Les contributions du présent dossier sont issues d’une des premières manifestations du projet lancé par une équipe pluridisciplinaire internationale et portant sur l’histoire du concept de « système planétaire ». Ses initiateurs sont deux chercheurs de l’Université de Toulouse : le planétologue Michel Blanc, de l’Institut de recherche en astrophysique et planétologie de l’Observatoire de Midi-Pyrénées (IRAP, UMR 5277, Université Paul Sabatier /CNRS), et l’historien Didier Foucault, du laboratoire France, Amériques, Espagne, sociétés, pouvoirs, acteurs (FRAMESPA, UMR 5136, Université Toulouse Jean Jaurès/CNRS).

L’objectif principal de ce groupe est l’organisation d’un colloque international à l’horizon 2020, et la publication des résultats. Signalons quelques-unes des rencontres qui ont déjà eu lieu : le 3 mars 2017 à Washington D. C., le 7 mars 2017 à Pékin, le 11 septembre 2017 à Pasadena. Les communications qui suivent ont quant à elles été présentées le 14 décembre 2017 lors d’un séminaire du master « Histoire et patrimoine de l’aéronautique et de l’espace », dirigé par Jean-Marc Olivier à l’Université Toulouse-Jean Jaurès. De manière globale, ce projet souhaite aborder la thématique des systèmes planétaires du triple point de vue de la recherche actuelle en planétologie, des racines historiques des concepts sous-tendant le paradigme des systèmes planétaires dans les différentes cultures et jusqu’à l’ère spatiale, et enfin des expressions artistiques et littéraires que le concept de système planétaire et ses différentes réalisations ont inspirées.

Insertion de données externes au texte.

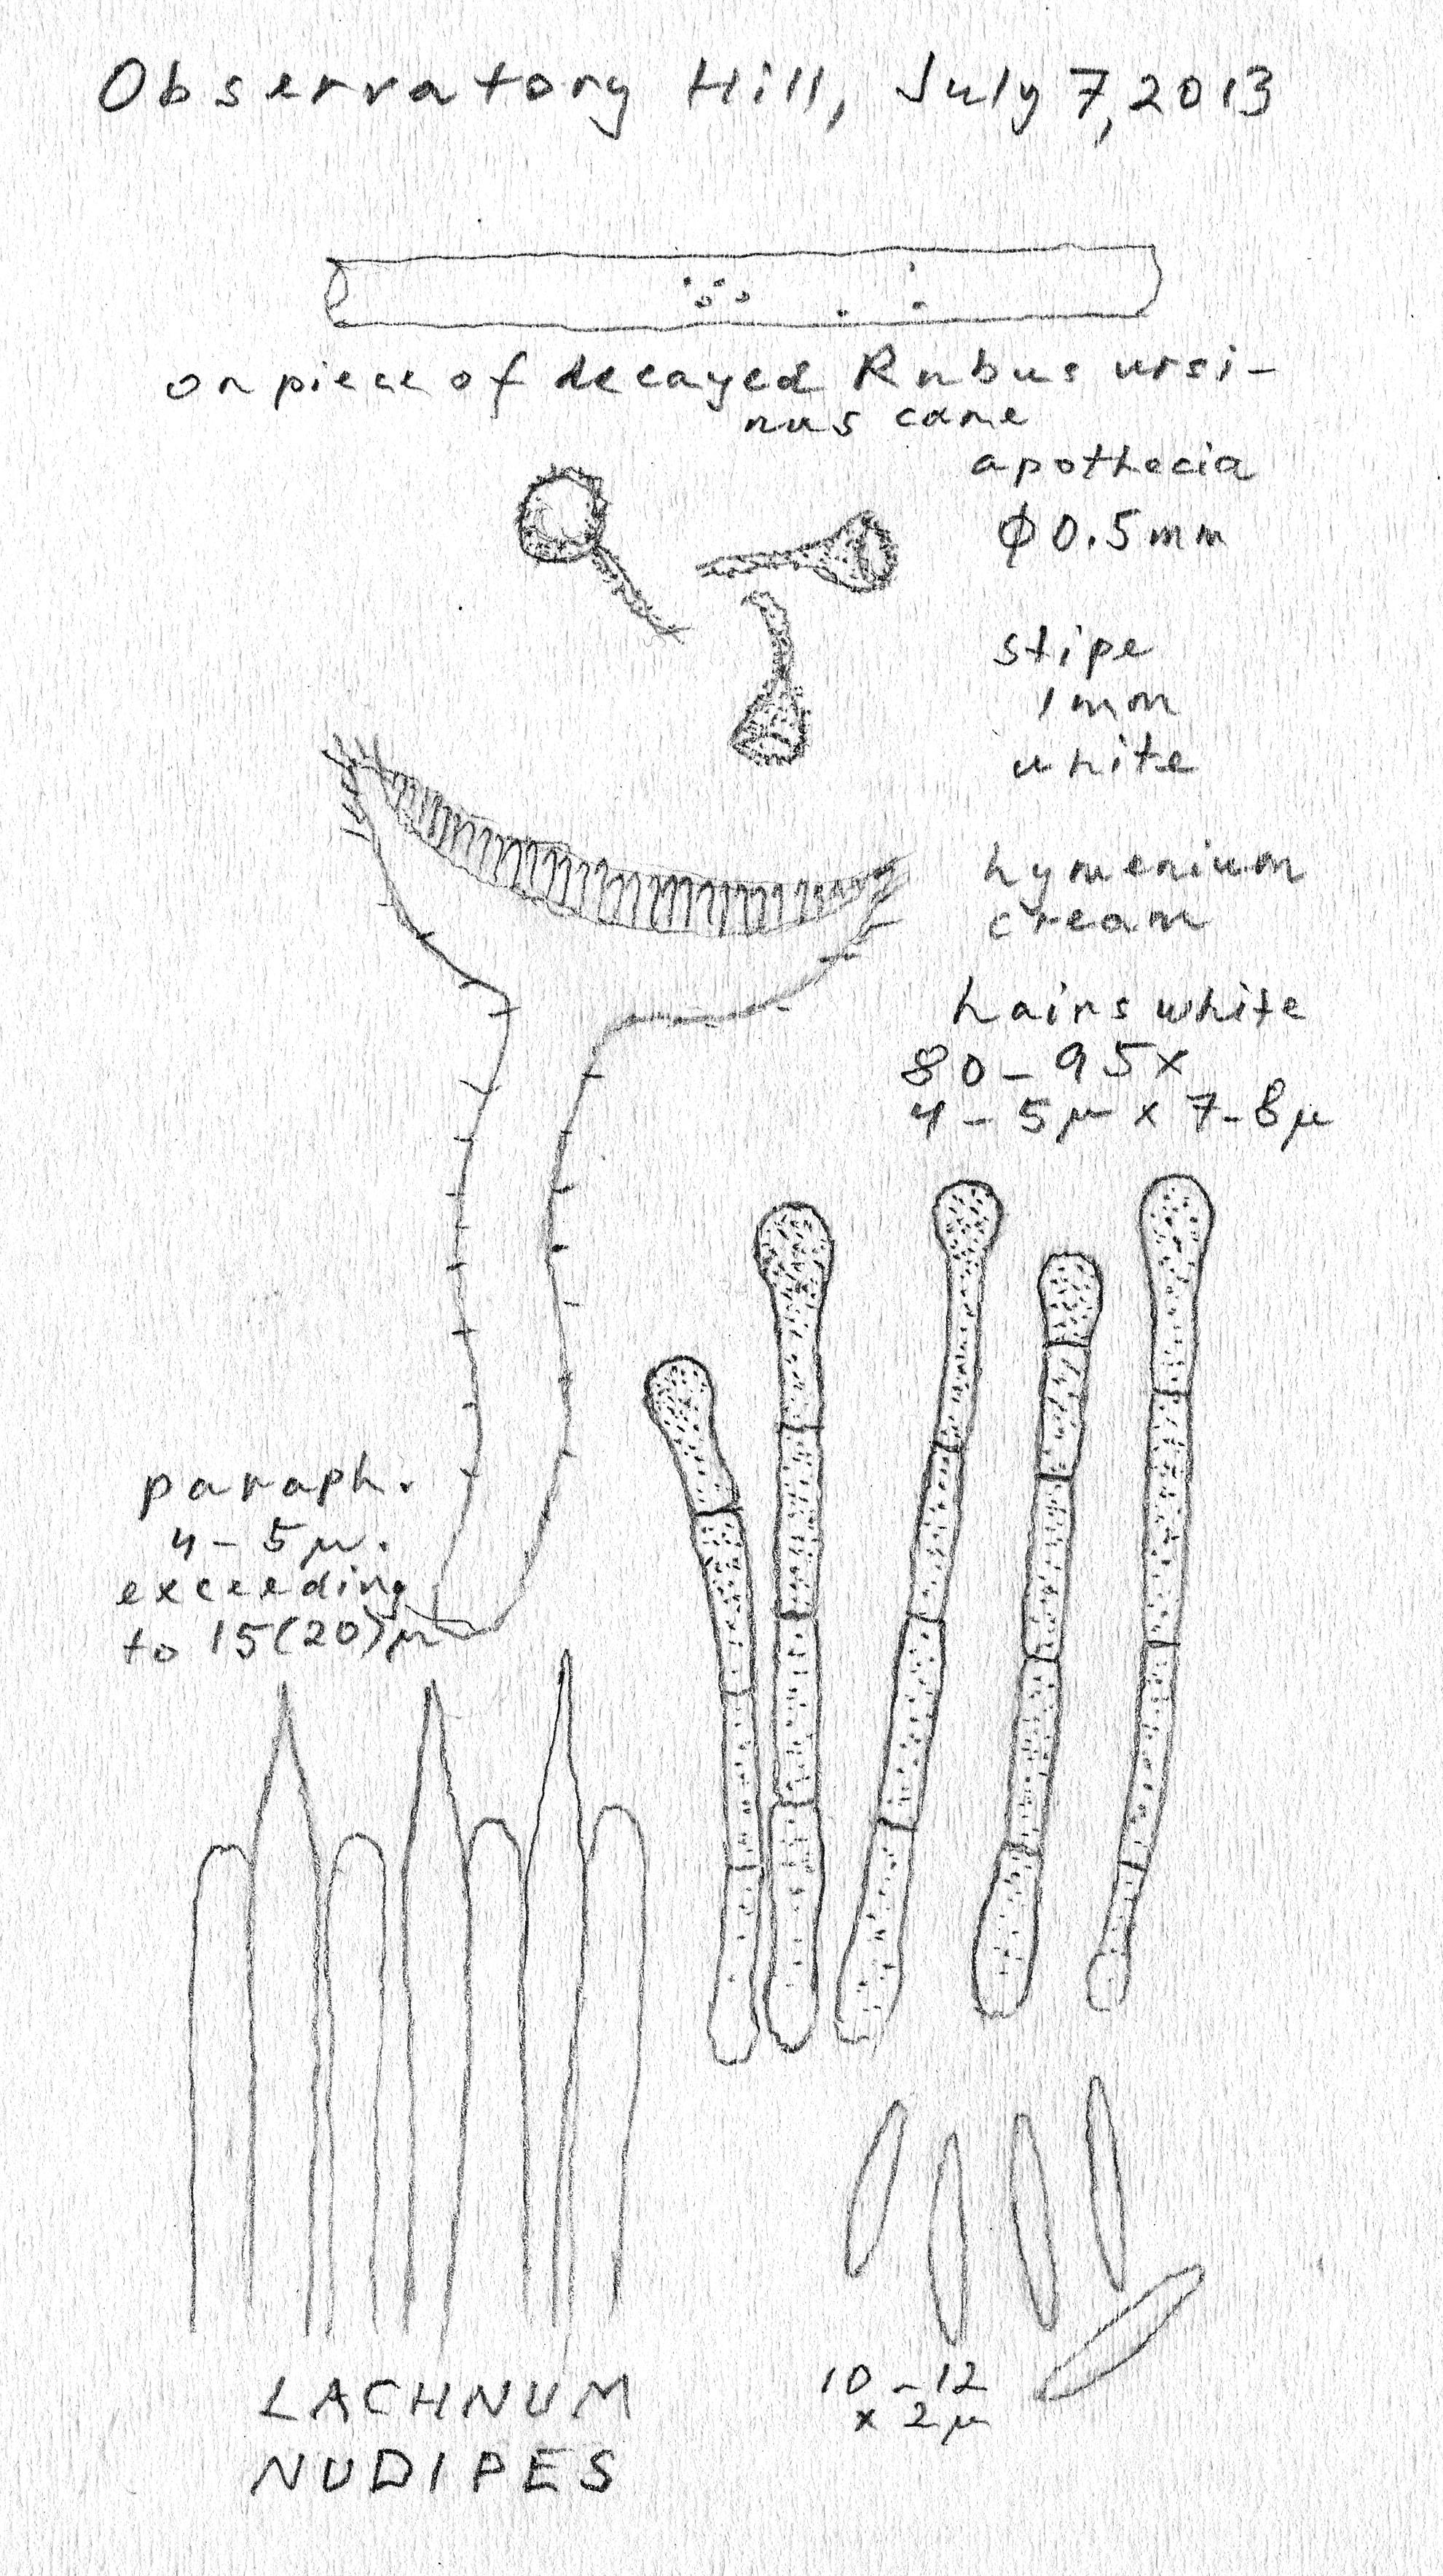 Lachnum nudipes image

Avant Copernic et les savants qui lui ont emboîté le pas pour faire triompher le schéma héliocentrique, les astronomes (tout au moins ceux qui se sont situés dans le sillage des Grecs) ont certes identifié les planètes comme des astres errants, distincts des étoiles, et ont tenté de les inclure dans un Cosmos organisé comme un système structuré ; néanmoins, le « système du monde » géocentrique qu’ils ont adopté, parce qu’il ne distinguait pas les phénomènes purement stellaires de l’ensemble formé par les planètes et le Soleil, n’a pu constituer qu’une ébauche imparfaite de la notion de système planétaire.

Par la suite, alors que le système solaire a polarisé une grande partie des investigations cosmologiques jusque loin dans le xxe siècle, l’expression « système planétaire », si elle n’était pas absente des textes scientifiques, ne présentait guère d’intérêt pour les savants. Tout au plus pouvait-on, grâce à Newton, qui plaçait toute la mécanique céleste sous des lois uniques, l’étendre aux systèmes formés pas les planètes pourvues de satellites.

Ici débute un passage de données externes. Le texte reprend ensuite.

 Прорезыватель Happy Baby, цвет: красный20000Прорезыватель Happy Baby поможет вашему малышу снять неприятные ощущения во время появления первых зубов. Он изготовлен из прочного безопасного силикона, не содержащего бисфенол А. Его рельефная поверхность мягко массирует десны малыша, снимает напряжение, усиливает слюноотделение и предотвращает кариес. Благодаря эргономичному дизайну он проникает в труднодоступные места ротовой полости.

Depuis moins d’un quart de siècle, la découverte des exoplanètes et la mise en évidence de nombreux systèmes planétaires de plus en plus complexes et distincts du modèle solaire, ont ouvert de nouveaux horizons de recherche. La communauté scientifique se trouve ainsi confrontée à des défis épistémologiques qui ne peuvent faire l’économie d’une plongée dans le passé récent comme ancien de cette notion. Baliser le champ de cette enquête historique, en déterminer les enjeux et poser les exigences méthodologiques qu’elle implique, tel est le propos de l’exposé introductif de Didier Foucault, qui a par-là même une portée plus vaste que de simplement annoncer les textes ici présentés.

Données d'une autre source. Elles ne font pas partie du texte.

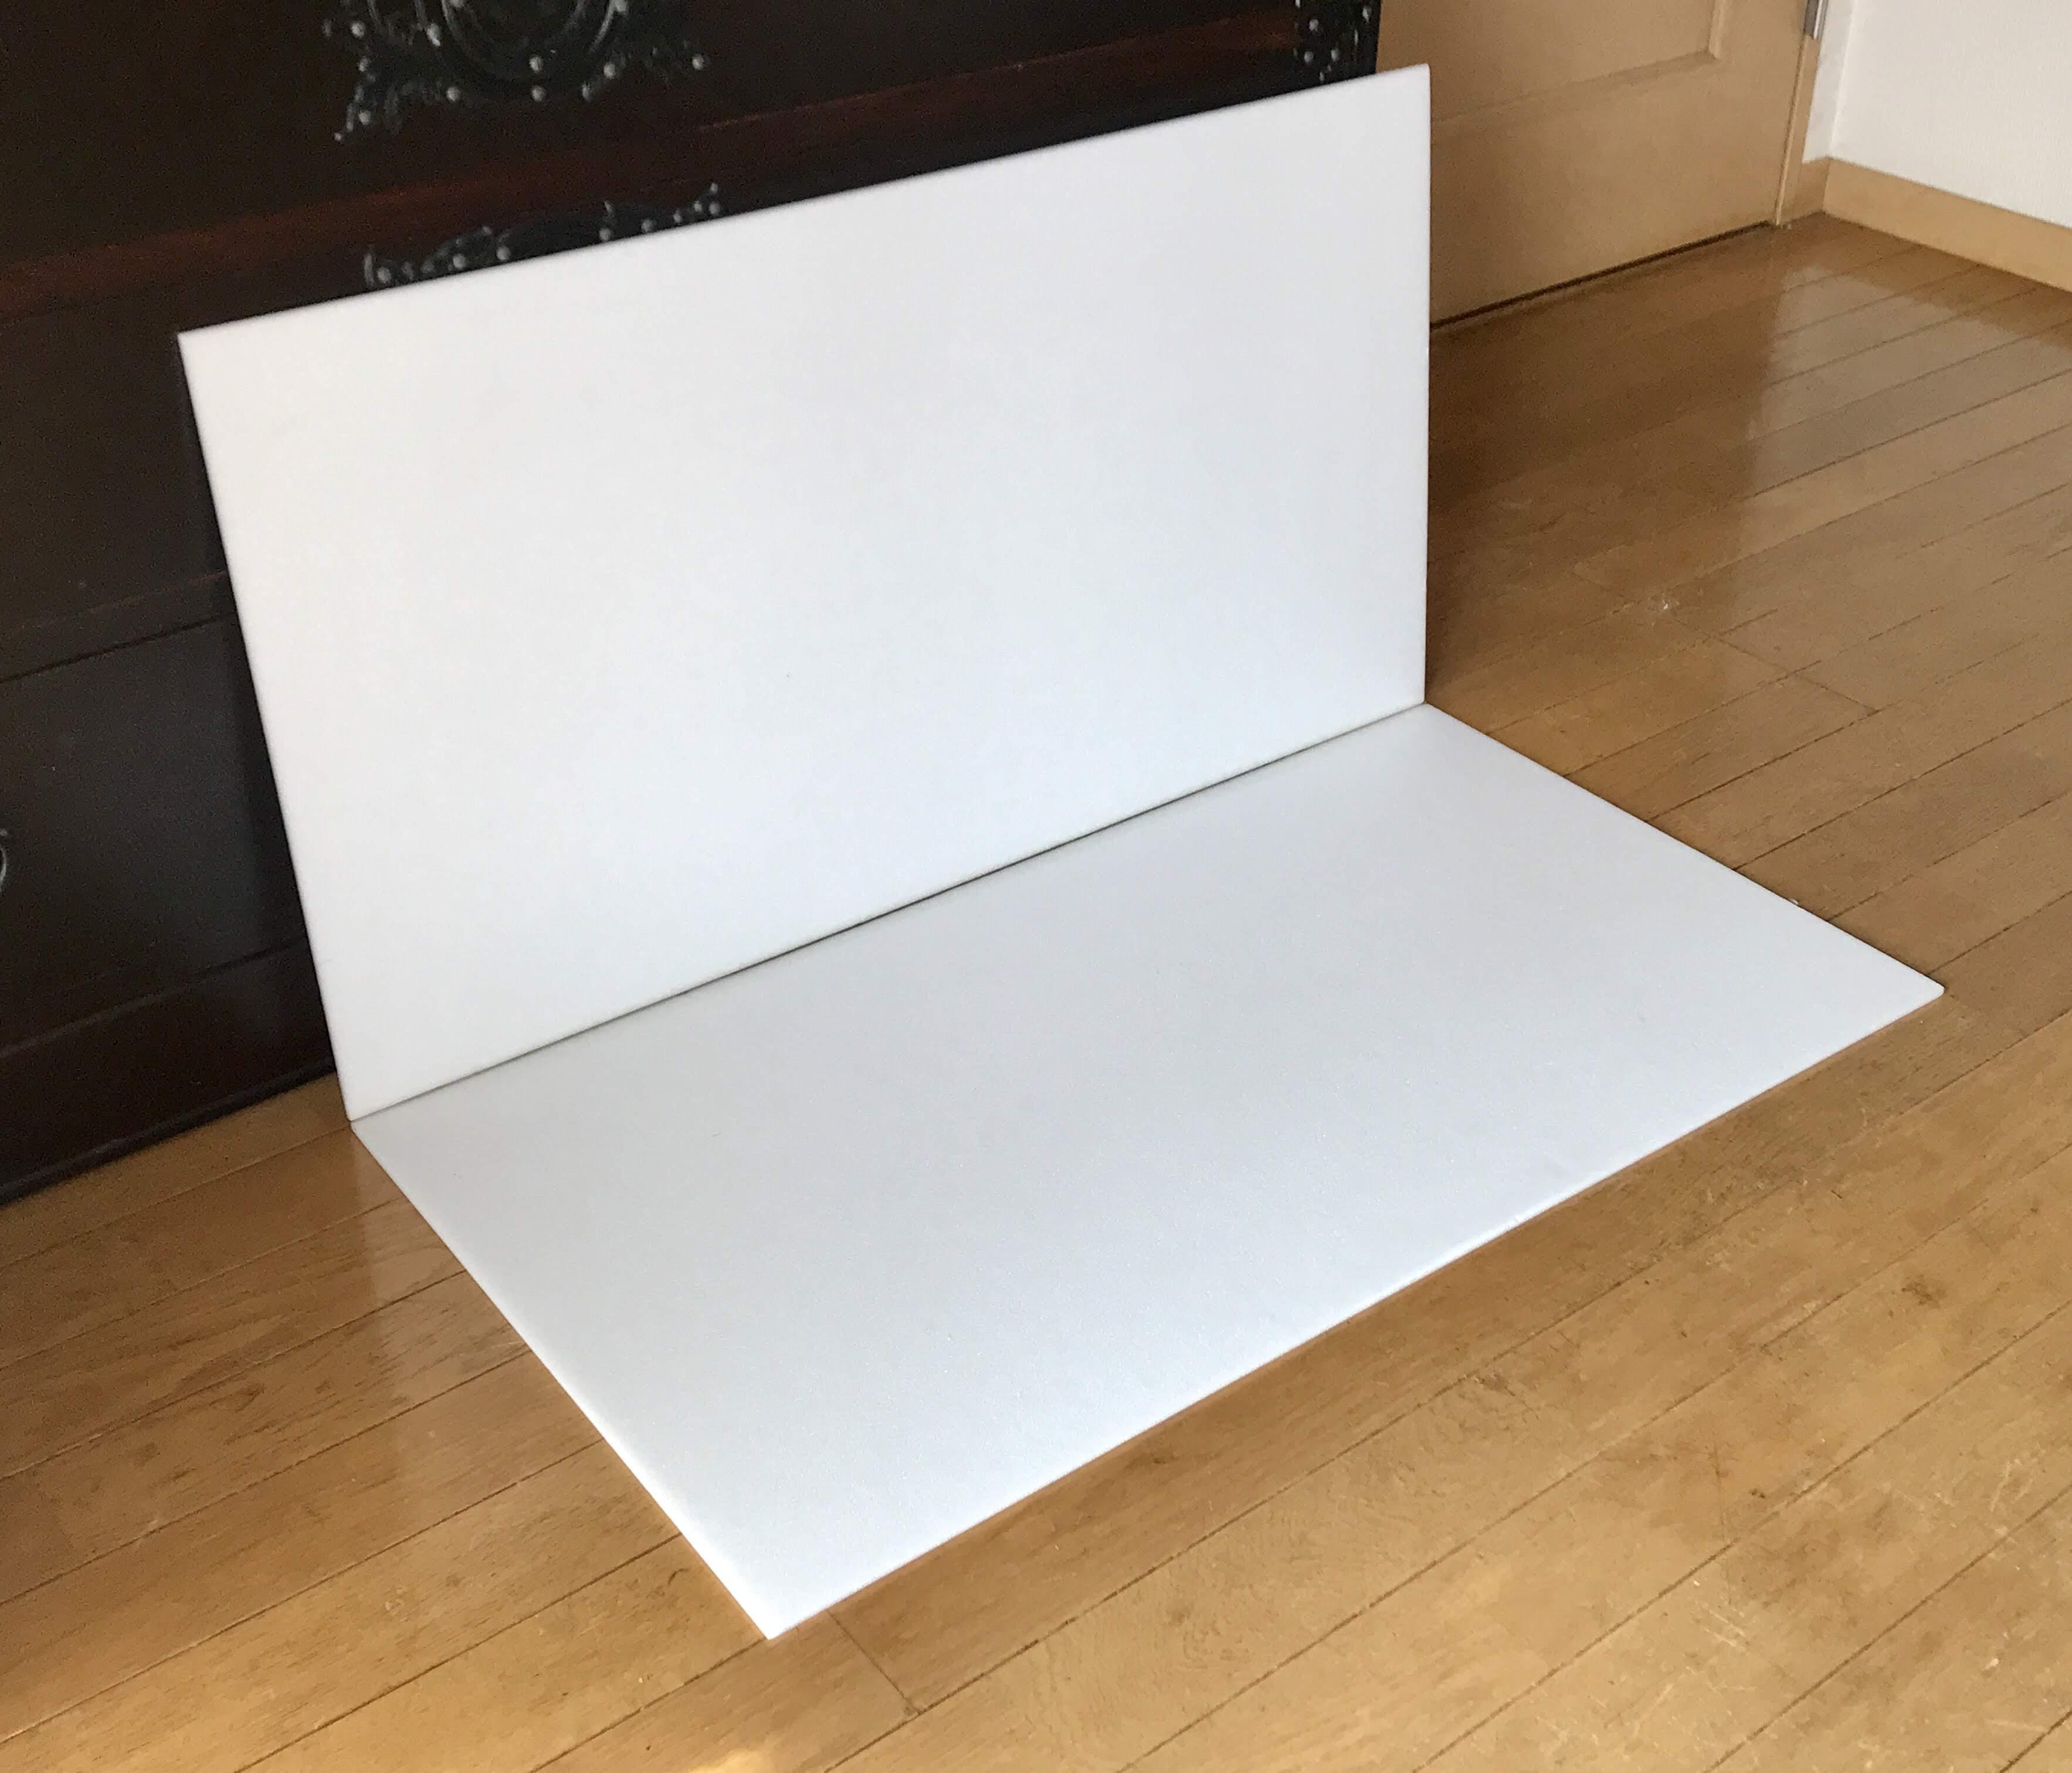 スチレンボード2枚組みパネルを背景

Au cours de la longue maturation de ce concept, la « révolution astronomique » occupe une place nodale, et l’objet du dossier est également de rappeler de significatifs éléments de continuité, que l’on a parfois tendance à occulter, et qui permettent de replacer l’objet théorique ainsi constitué dans un temps long. Les textes qui suivent examinent tour à tour l’élaboration des lois du mouvement des planètes (Jean-Michel Faidit), la reconfiguration du schéma héliocentrique initial de Copernic (Didier Foucault), les conditions inédites d’observation et de mesure des phénomènes commandés par le Soleil (Jérôme Lamy), et les débats sur la nature de l’espace interplanétaire (Jean-Christophe Sanchez). Enfin, parce que l’astronomie nouvelle a rencontré un large écho dans la culture du Grand Siècle, Yves Le Pestipon montre comment, le thème de la pluralité des mondes a participé de la mutation des belles-lettres vers la littérature moderne. Ce n’est pas le moindre intérêt de ce numéro que d’offrir des perspectives d’ouverture et de croisements entre histoire des sciences, histoire littéraire et diffusion sociale de nouvelles représentations. Nos prochains numéros nous donneront encore l’occasion d’aborder ces thématiques.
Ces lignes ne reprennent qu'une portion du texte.